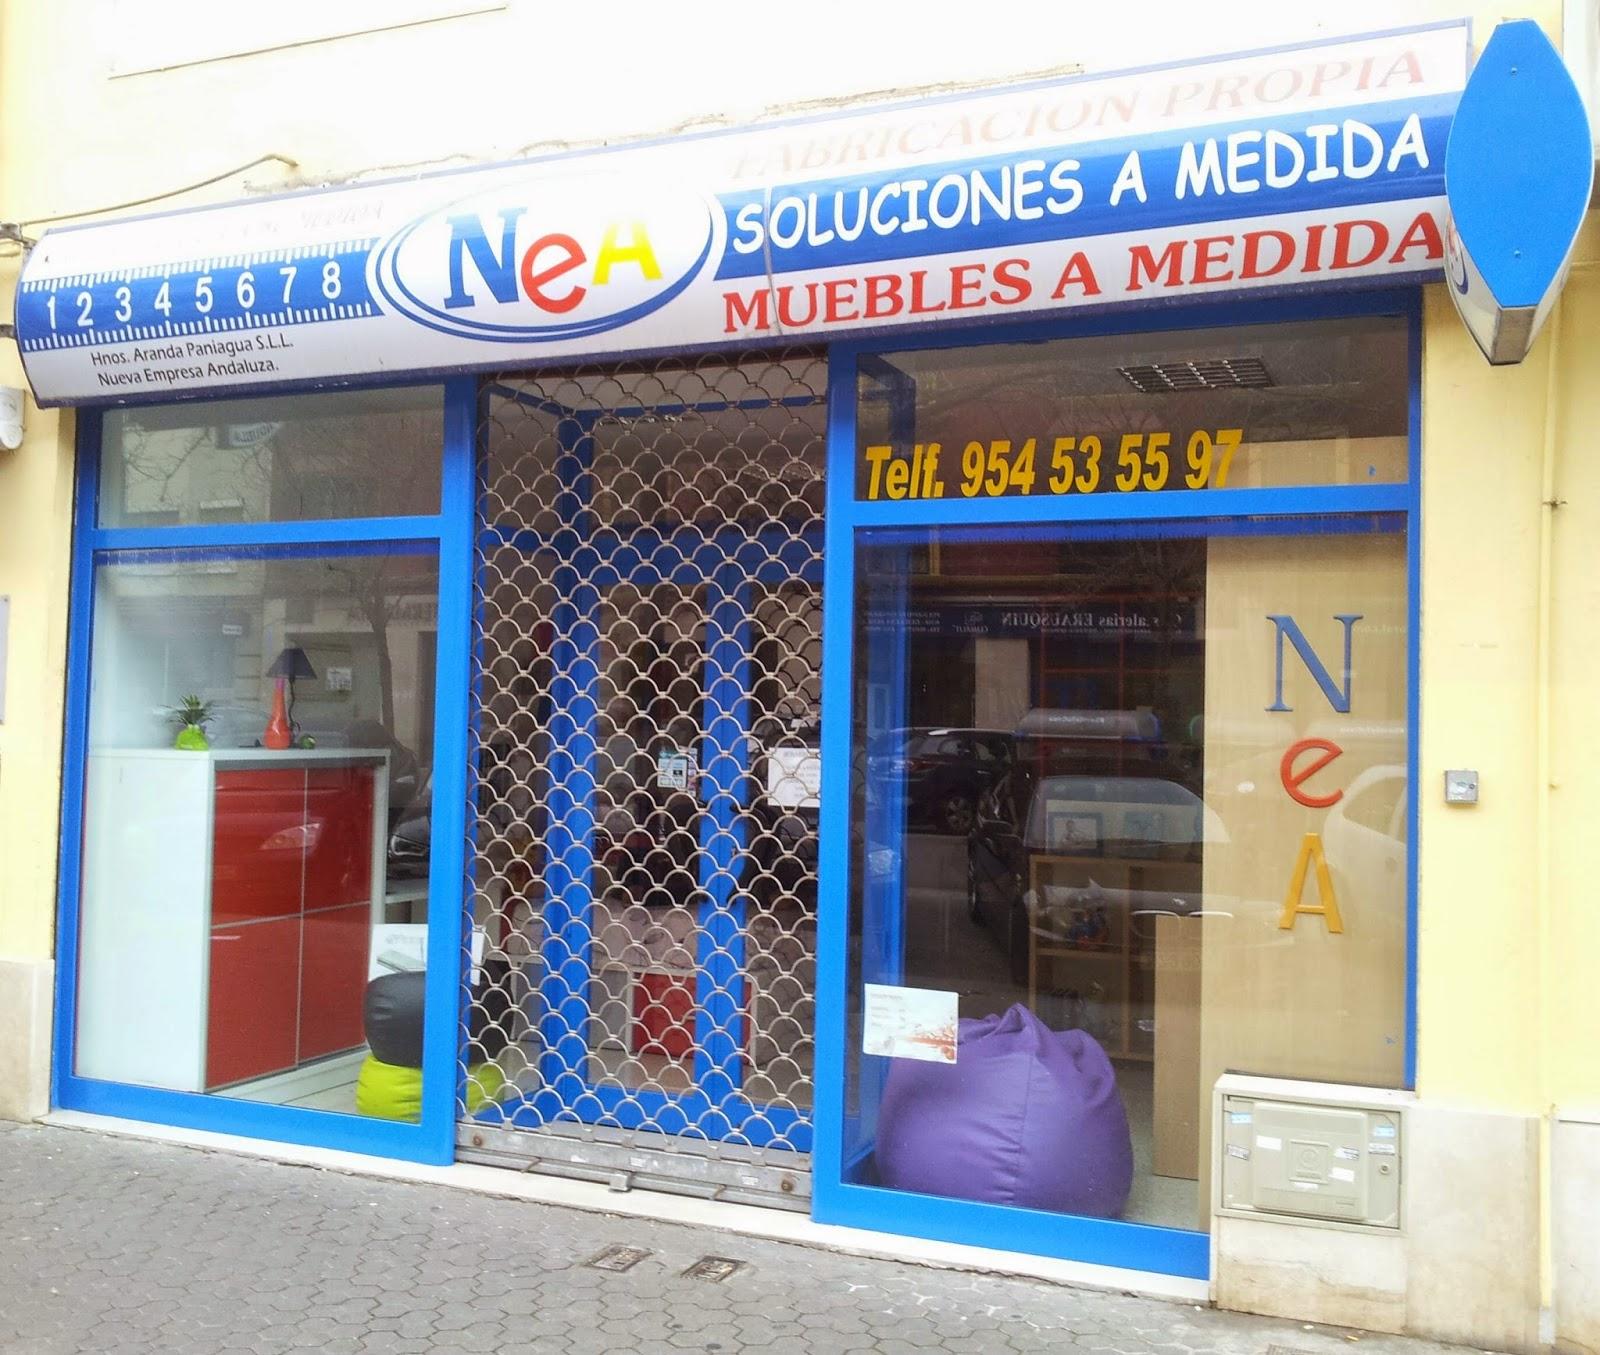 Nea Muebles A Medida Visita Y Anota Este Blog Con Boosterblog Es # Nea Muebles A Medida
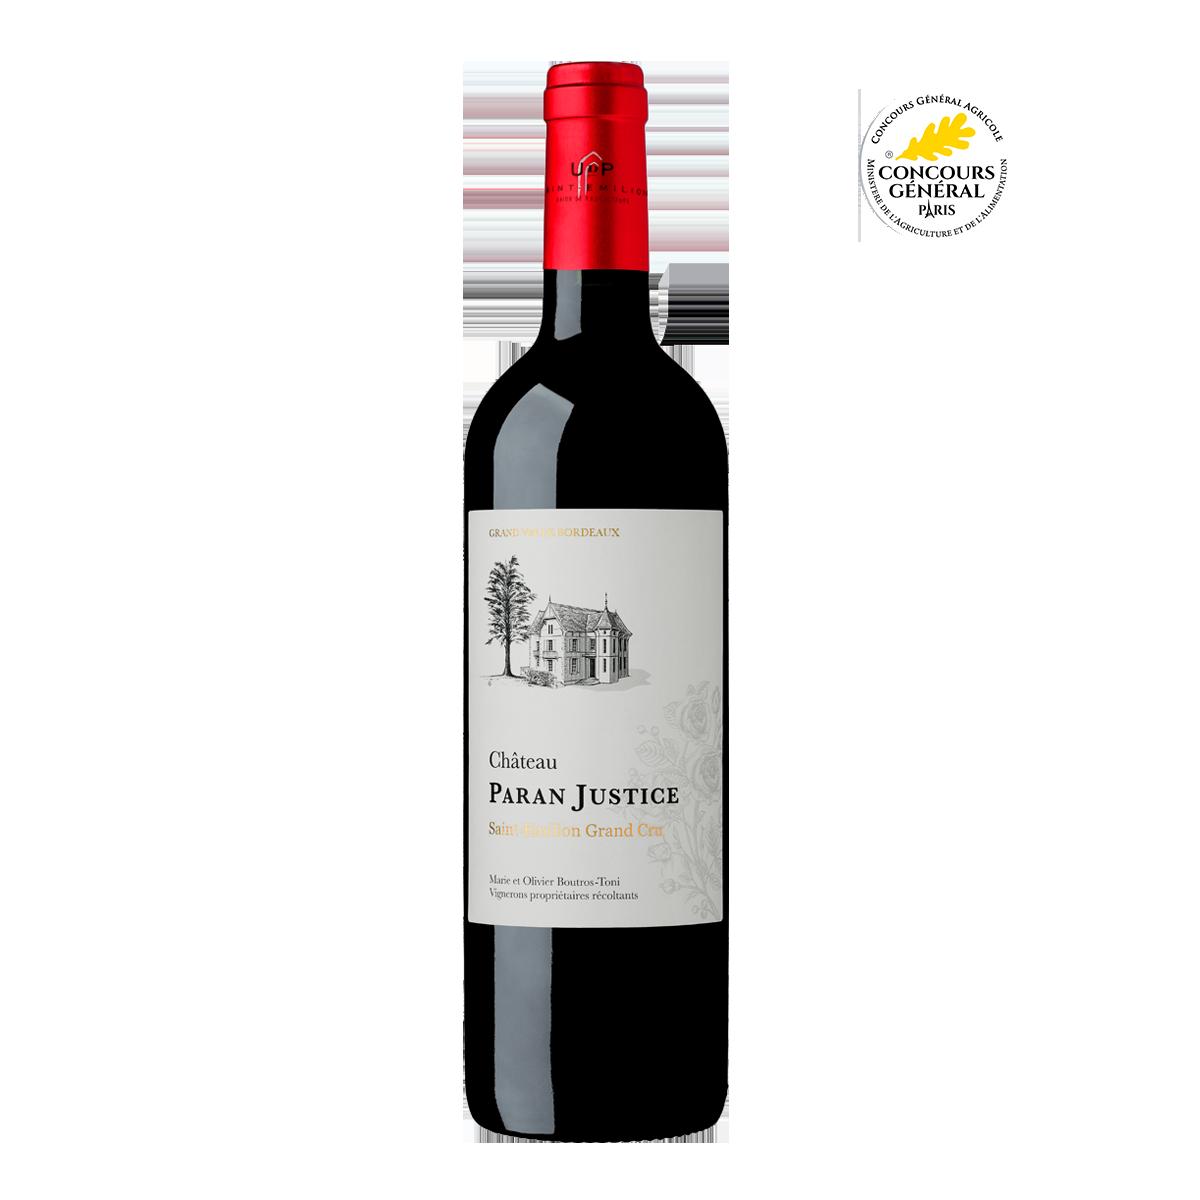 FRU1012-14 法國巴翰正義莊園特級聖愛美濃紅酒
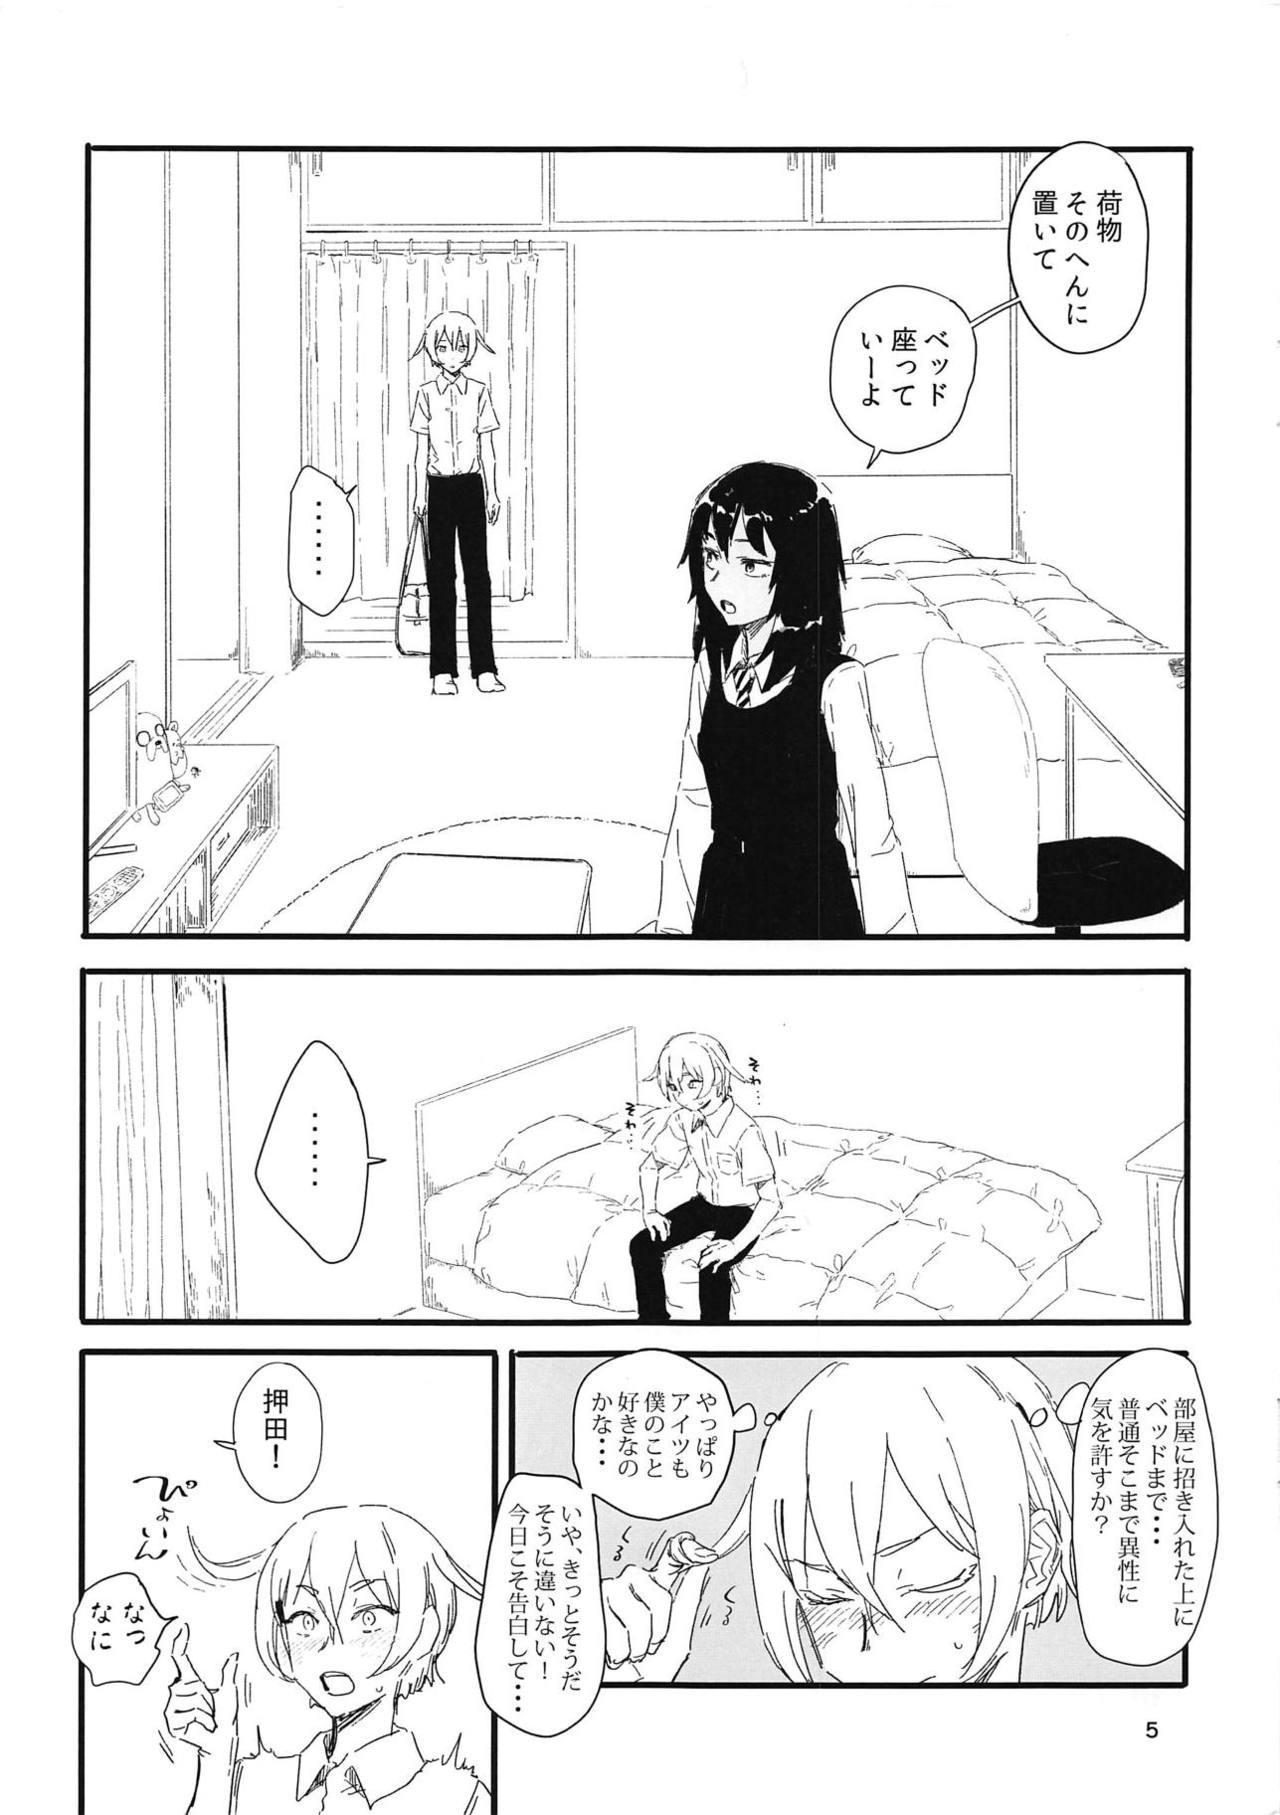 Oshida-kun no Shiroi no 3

Your goal
The answer should be an exact copy of the material, with its pictures removed.

Output
 Nea Muebles A Medida Visita Y Anota Este Blog Con Boosterblog Es # Nea Muebles A Medida
 FRU1012-14 法國巴翰正義莊園特級聖愛美濃紅酒
 Oshida-kun no Shiroi no 3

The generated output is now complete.